Итак, нравственный закон есть закон воли, он не имеет природного, материального содержания и определяет (должен определять) волю безотносительно к какому-либо ожидаемому от него результату. В поисках закона воли, обладающего абсолютной необходимостью, Кант доходит до идеи закона до той последней черты, когда «не остается ничего, кроме общей законосообразности поступков вообще, которая и должна служить воле принципом» (238). Иметь добрую волю значит иметь такие субъективные приципы воления (максимы), которые включают в себя желание быть возведенными во всеобщий закон.
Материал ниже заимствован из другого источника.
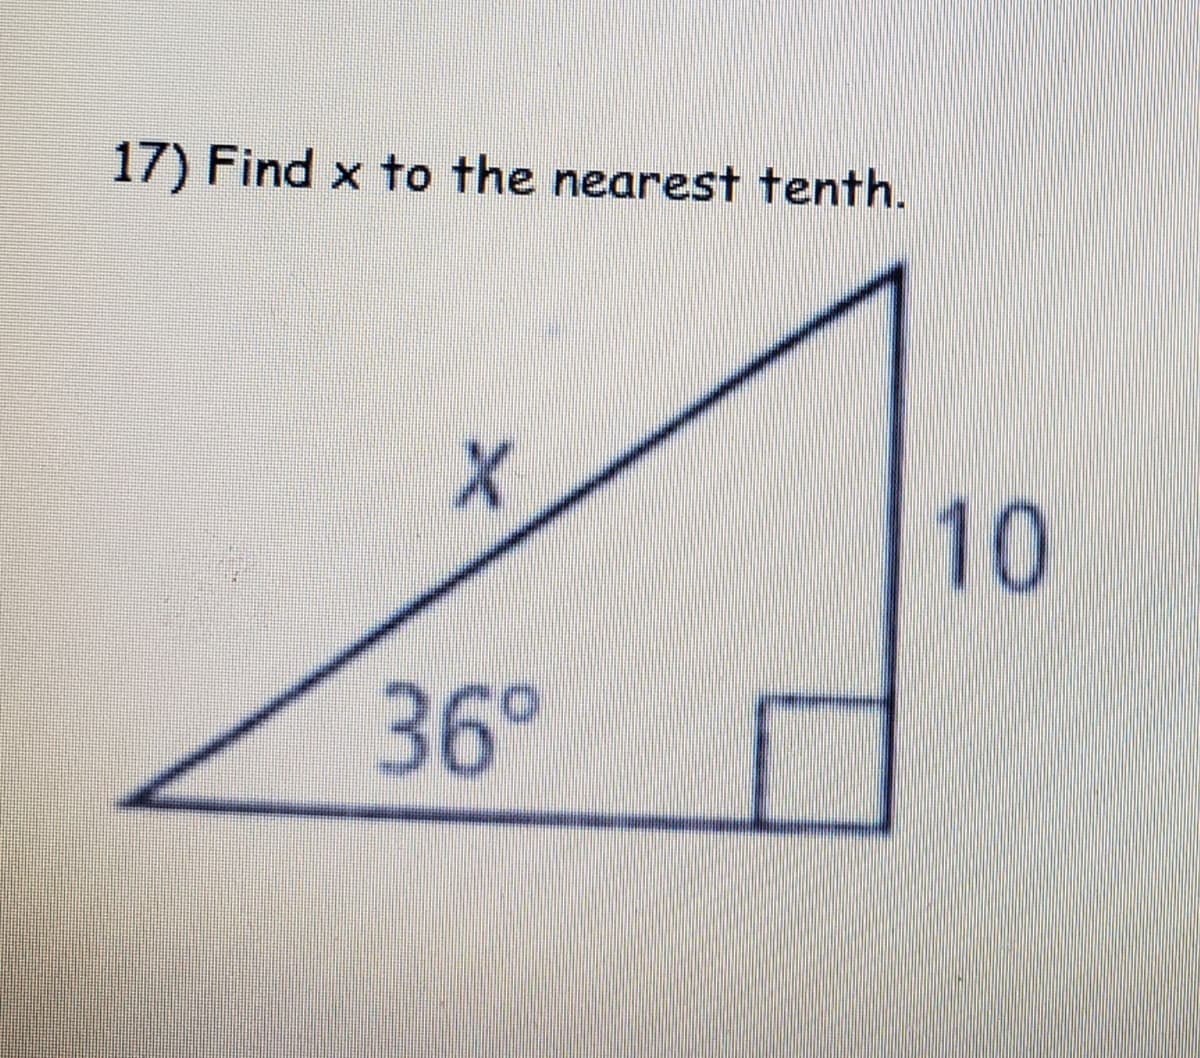 17) Find x to the nearest tenth.
to
36°
10

К примеру, человек оказался в затруднительном положении, из которого он может выйти дав обещание без намерения его выполнить. В этой ситуации, как говорит Кант, следует различать два вопроса: является ли такой способ поведения благоразумным и является ли он правоверным. С помощью лживой увертки можно выйти из конкретной затруднительной ситуации, но никогда нельзя точно сказать, какие последствия в будущем могут возникнуть для человека, потерявшего доверие и он, вполне возможно, не досчитается значительно больше того, что временно приобретает. Поэтому благоразумие требует давать честные обещания. Совет благоразумия, хотя он сам по себе верен, построен на боязни дурных последствий и не обладает должной твердостью; ведь человек вполне может придти к выводу, что бояться ему нечего и он вполне может обмануть с большой выгодой для себя. Другое дело, если следовать данной норме как нравственному требованию, рассматривать его в качестве долга. Но как узнать, может ли в данном случае речь идти о долге или нет? Для этого необходимо провести мысленный эксперимент и задаться вопросом: хочу ли я чтобы каждый имел право на ложное обещание в ситуациях, которые он считает для себя затруднительными? Говоря иначе, желаю ли я, согласен ли я, чтобы ложь стала общим для всех законом? При такой постановке выясняется, что тот, кто подвержен искусу ложного обещания и желал бы его дать, тем не менее, сохраняя способность к последовательному мышлению, никак не может желать того, чтобы это стало всеобщим законом, ибо в этом случае никто бы ему не поверил. Более того, ложное обещание как раз предполагает, что оно будет воспринято не как ложное, что оно, следовательно, не должно быть возведено во всеобщее правило. «Стало быть, моя максима, коль скоро она стала бы всеобщим законом, необходимо разрушила бы самое себя» (239). Что и требовалось доказать: нравственный закон найден.